A `GeoDataFrame` has one column for storing geometries. By default, `geopandas` looks for the geometries from a column called `geometry`. It is also possible to define other columns as the geometry column. Th geometry column is a `GeoSeries` that contains shapely's geometric objects.  Let's have a look at the geometry column of our sample data.

In [None]:
data["geometry"].head()

Since spatial data is stored as Shapely objects, it is possible to use all of the functionalities of `Shapely` module that we practiced earlier. More information [here](https://pythongis.org/part2/chapter-06/nb/00-introduction-to-geographic-objects.html).

In [None]:
from shapely.geometry import Point

point = Point(2.2, 4.2)
point3D = Point(9.26, -2.456, 0.57)
point

Let’s print the areas of the first 5 polygons (in degrees):

In [None]:
# Make a selection that contains only the first five rows
selection = data.iloc[0:5]
selection

We can iterate over the selected rows using a specific .iterrows() -function in (geo)pandas and print the area for each polygon:

In [None]:
for index, row in selection.iterrows():
    poly_area = row["geometry"].area
    print("Polygon area at index {0} is: {1:.3f}".format(index, poly_area))

Hence, as you might guess from here, all the functionalities of Pandas are available directly in Geopandas without the need to call pandas separately because Geopandas is an extension for Pandas.


Let’s next create a new column into our GeoDataFrame where we calculate and store the areas individual polygons. Calculating the areas of polygons is really easy in geopandas by using `GeoDataFrame.area` attribute:

In [None]:
data["area"] = data.area

Let’s see the first 2 rows of our ‘area’ column.



In [None]:
data["area"].head(2)

Okey, so we can see that the area of our first polygon seems to be 19.39 and 6.14 for the second polygon. They correspond to the ones we saw in previous step when iterating rows, hence, everything seems to work as it should. Let’s check what is the min and the max of those areas using familiar functions from pandas

In [None]:
# Maximum area
max_area = data["area"].max()

# Mean area
mean_area = data["area"].mean()

print(f"Max area: {round(max_area, 2)}\nMean area: {round(mean_area, 2)}")

## Creating a GeoDataFrame from scratch

It is possible to create spatial data from scratch by using `shapely`'s geometric objects and `geopandas`. This is useful as it makes it easy to convert, for example, a text file that contains coordinates into spatial data layers.

Let’s create an empty GeoDataFrame `GeoDataFrame`

In [None]:
# Import necessary modules first
import pandas as pd
import geopandas as gpd
from shapely.geometry import Point, Polygon
import fiona

# Create an empty geopandas GeoDataFrame
newdata = gpd.GeoDataFrame()

In [None]:
# Let's see what's inside
newdata

The GeoDataFrame is empty since we haven’t placed any data inside.

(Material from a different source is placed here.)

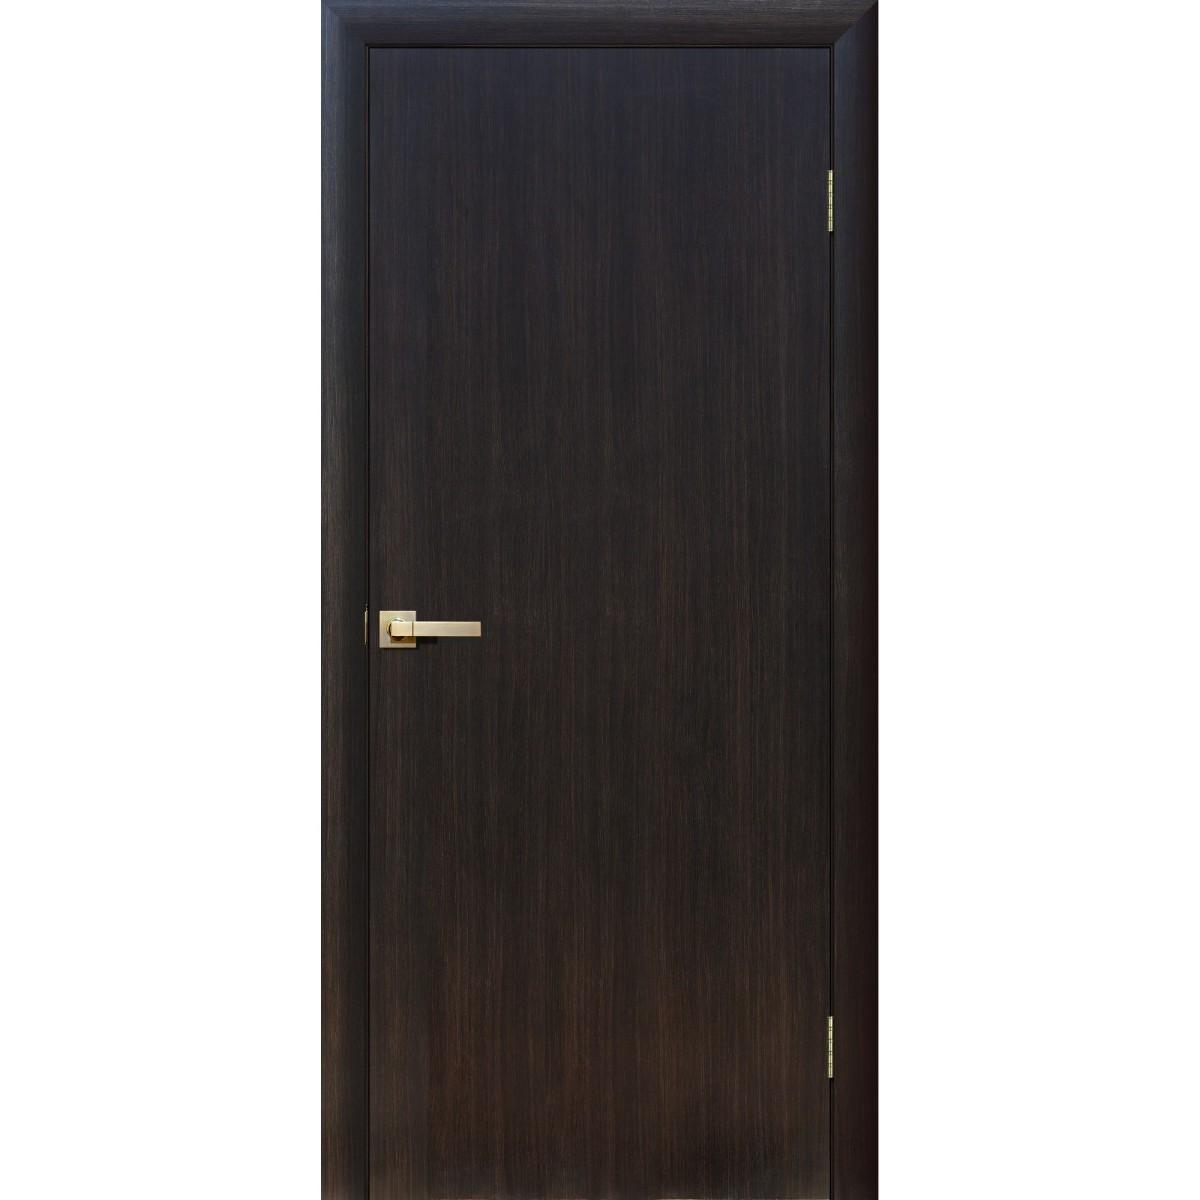 Дверь межкомнатная глухая Стандарт 90x200 см ламинация цвет дуб феррара

Let’s create a new column called geometry that will contain our Shapely objects:

In [None]:
# Create a new column called 'geometry' to the GeoDataFrame
newdata["geometry"] = None

# Let's see what's inside
newdata

Now we have a geometry column in our GeoDataFrame but we don’t have any data yet.

Let’s create a Shapely Polygon repsenting the Helsinki Senate square that we can insert to our GeoDataFrame:

In [None]:
from shapely.geometry import Polygon

# Coordinates of the Helsinki Senate square in decimal degrees
coordinates = [
    (24.950899, 60.169158),
    (24.953492, 60.169158),
    (24.953510, 60.170104),
    (24.950958, 60.169990),
]

# Create a Shapely polygon from the coordinate-tuple list
poly = Polygon(coordinates)
poly

Okey, so now we have appropriate Polygon -object.

Let’s insert the polygon into our ‘geometry’ column in our GeoDataFrame:

In [None]:
# Insert the polygon into 'geometry' -column at index 0
newdata.loc[0, "geometry"] = poly

# Let's see what we have now
newdata

Now we have a GeoDataFrame with Polygon that we can export to a Shapefile.

Let’s add another column to our GeoDataFrame called Location with text Senaatintori.

In [None]:
# Add a new column and insert data
newdata.loc[0, "Location"] = "Senaatintori"

# Let's check the data
newdata

There it is! Now we have two columns in our data; one representing the geometry and another with additional attribute information. From here, you could proceed into adding additional rows of data, or printing out the data to a file.

Before exporting the data it is useful to determine the coordinate reference system (projection) for the GeoDataFrame.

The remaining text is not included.